How does the no tax on tips deduction work?
You deduct up to $25,000 in qualified tip income from your federal taxable income using Schedule 1-A, attached to Form 1040. The deduction is above the line, meaning it reduces your adjusted gross income whether you itemize or take the standard deduction. Your federal income tax savings equal the deducted tip amount multiplied by your marginal tax rate. FICA taxes and state income taxes are not affected.
Does no tax on tips include credit card tips?
Yes. Tips added to credit card transactions, debit card payments, and digital payment apps all qualify as long as they are voluntary.
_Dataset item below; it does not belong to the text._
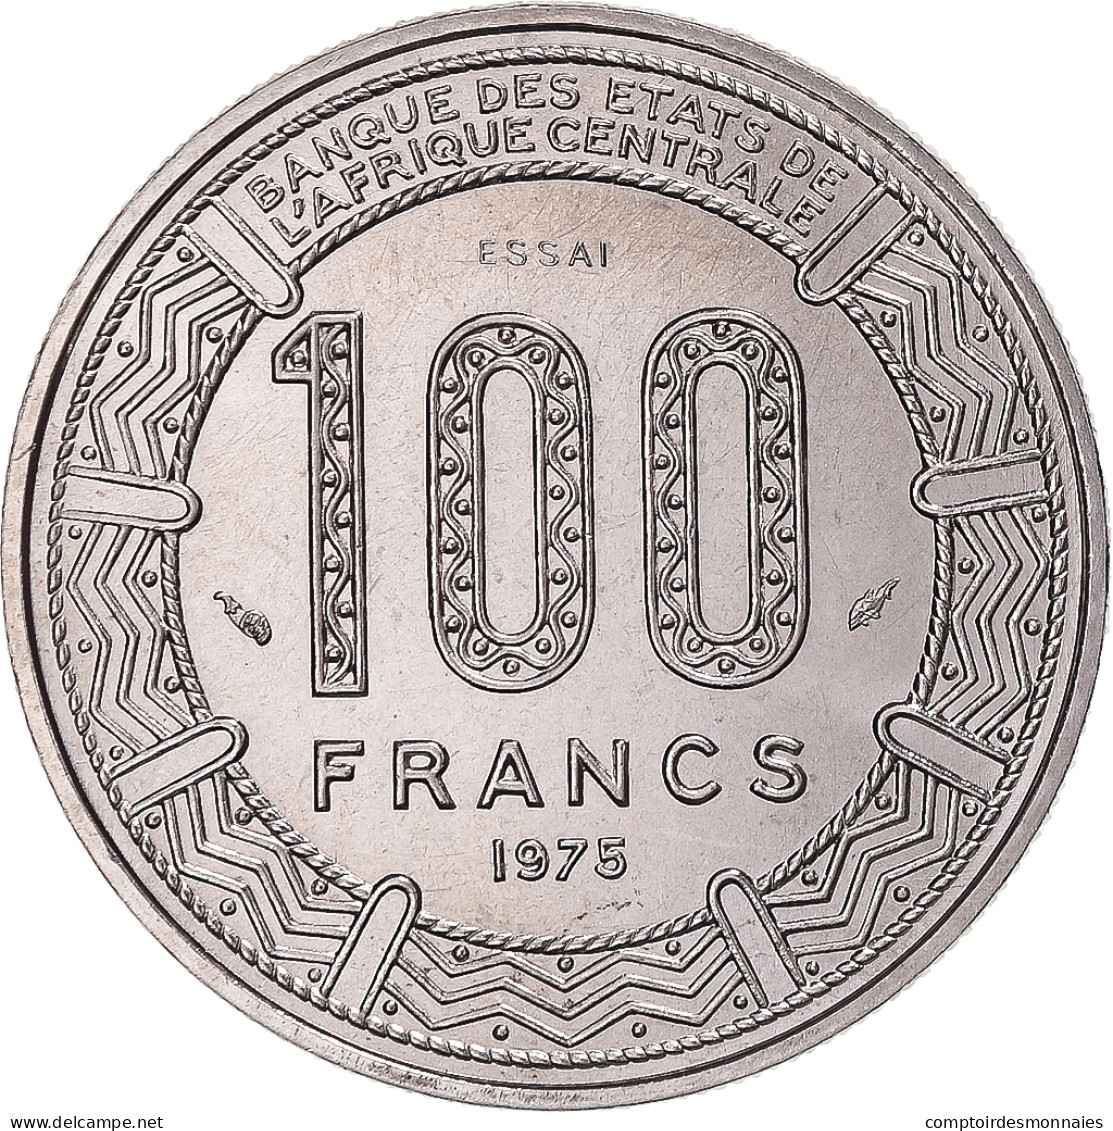 Monnaie, Cameroun, 100 Francs, 1975, Paris, ESSAI, FDC, Nickel, KM:E16 - Camerun

The key distinction is voluntariness: tips that customers choose to add qualify. Mandatory service charges or automatic gratuities added to a bill do not qualify, even when those amounts are distributed to employees.
Is the no tax on tips deduction in effect for 2025 taxes?
Yes. The One Big Beautiful Bill Act was signed into law in 2025, and the tips deduction applies to the 2025 tax year. You claim it on Schedule 1-A when filing your Form 1040 in 2026. The IRS has published Schedule 1-A, Notice 2025-69, and detailed instructions to help eligible workers calculate and claim the deduction for this filing season.